It follows that the detailed cash flows of trading funds will no longer be within the full control processes of parliamentary supply. The 1973 Act addressed this issue in two ways. First, it required that no trading fund could be set up without Parliament debating each proposal on art affirmative resolution order. That principle is maintained by the present Bill. Secondly, it laid down for trading funds statutory requirements for accounting to Parliament stronger than for the remainder of the Civil Service. Those requirements are strengthened by the Bill.

I turn now to the Bill itself. Clause 1 substitutes four new sections for Sections 1 and 2 of the 1973 Act and adds a fifth section. New Section 1 contains the new enabling powers. It extends the powers under the Government Trading Funds Act 1973 to set up trading funds to a wider range of bodies, including those which form a statutory and monopoly service with fees paid by the public and fixed under statute. That is achieved by the new enabling powers and by the widened definition of "services" in Section 1(7). The powers would allow a trading fund to be established where operations of a department of government are suitable to be financed by a fund and in particular the revenue of the fund would consist principally of receipts in respect of goods or services provided in the course of those operations; and where it would be in the interests of improved management efficiency and effectiveness. The administrative tests that the Government would intend to apply using the enabling powers are essentially concerned to ensure that the setting up of a trading fund would lead to greater efficiency and effectiveness and are described in the White Paper.
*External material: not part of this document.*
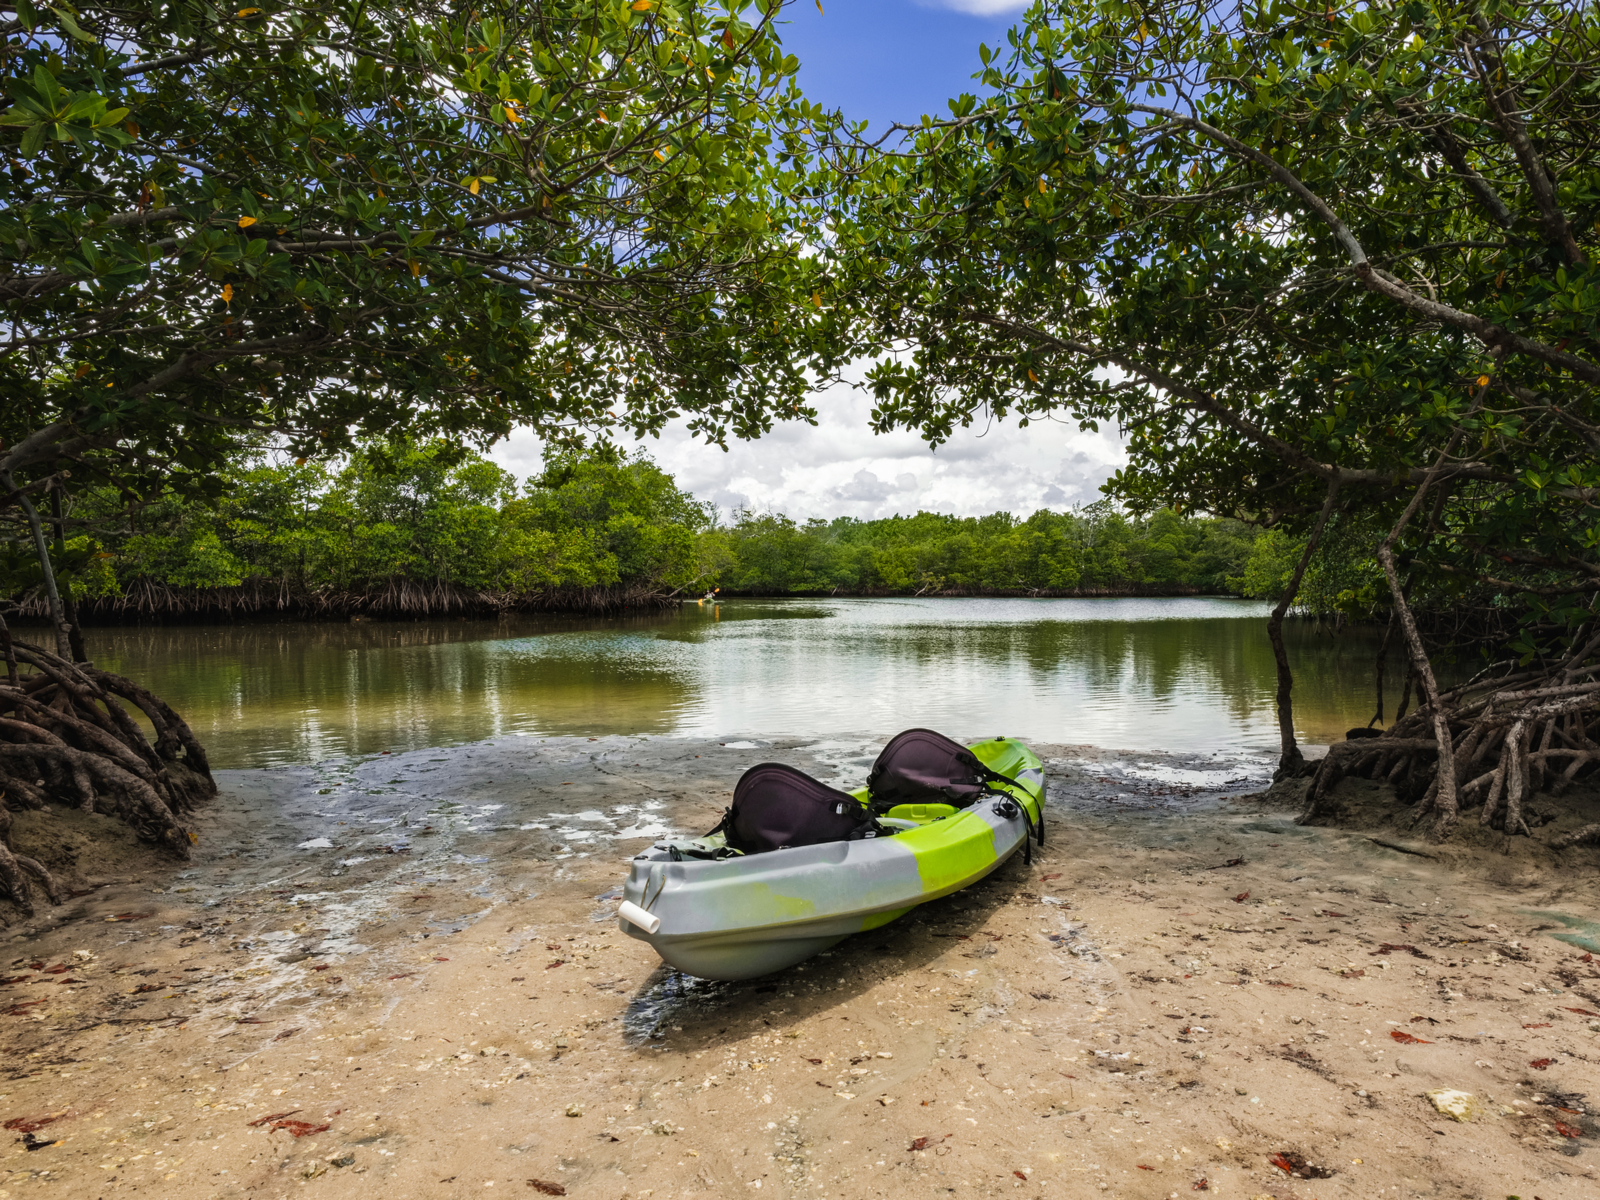 Mid-day view of a mangrove in one of the best things to do in Miami, the Oleta River State Park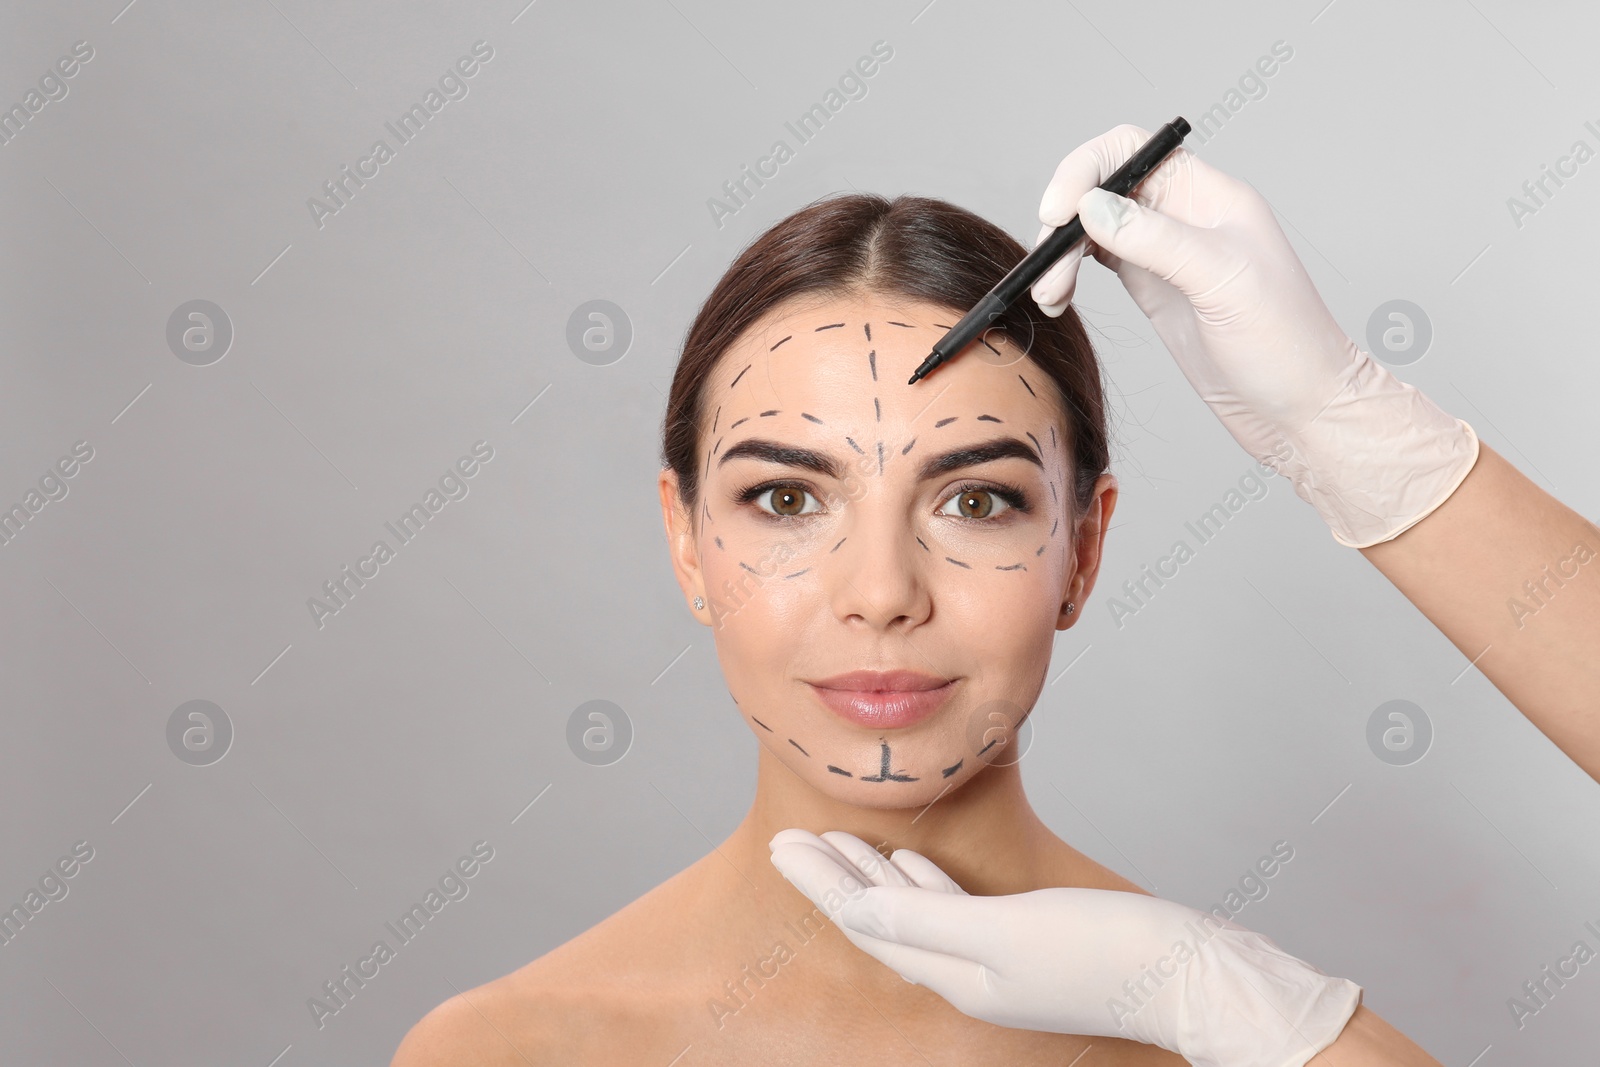 Photo of Doctor drawing marks on woman's face for cosmetic surgery operation against grey background

New Section 2 deals with the appropriation of assets and liabilities for a trading fund, with their financing and with related matters. New Section 2A deals with public dividend capital in relation to trading funds. New Section 2B deals with borrowing by trading funds and sets a new limit on all such borrowing of £2,000 million which may be increased to £4,000 million by affirmative resolution order. New Section 4A provides for the winding up of trading funds.

Clause 2 requires the responsible Minister to prepare and publish accounts and reports of trading funds in such forms as the Treasury may determine. It also makes minor and consequential amendments to the 1973 Act.

Clause 3 widens the powers contained in the Exchequer and Audit Departments Act 1921 so that the Treasury may require the preparation of statements of account in respect of any operations of a government department. As the White Paper explains, those would cover the production by agencies other than trading funds of commercial-style accounts.

Clause 4 repeals the now obsolete Borrowing (Control and Guarantees) Act 1946 and makes certain consequential repeals of other enactments. Clause 5 deals with transitional arrangements.

It is a short Bill but one that I believe will have important benefits for the more efficient and effective conduct of business within government. I commend it to the House.

Moved, That the Bill be now read a second time.—(The Earl of Caithness.)

4.55 p.m.

Lord Bruce of Donington

My Lords, I am most grateful to the noble Earl for having introduced the Bill. It arises from the declared purposes of governments over a number of years to try to separate the executive functions of departments of state from those which are more concerned with policy determination and general implementation and for the responsibility of advising Ministers. From the Fulton Report and the Ibbs Report onwards, there has been a progressive, and so far as I can see an agreed, programme of proceeding further in this direction.

As the noble Earl stated, in her announcement on 18th February 1988 the Prime Minister introduced the report of the Efficiency Unit, Improving Management in Government: the Next Steps. However, she also stated at that time at col. 1154 of the Official Report on 18th February: I do not anticipate that legislation will be required for the proposals that I have announced". It appears that on reflection the anticipation of the Prime Minister was not realised and that legislation has proved necessary in order to tidy up, or indeed implement, certain financial implications of the carrying out of the recommendations of the Efficiency Unit. Otherwise Parliament would not have had an opportunity in your Lordships' House of monitoring or interfering in any way with the profound changes in the form and functions of government that are implicit in the proposal to set up these agencies.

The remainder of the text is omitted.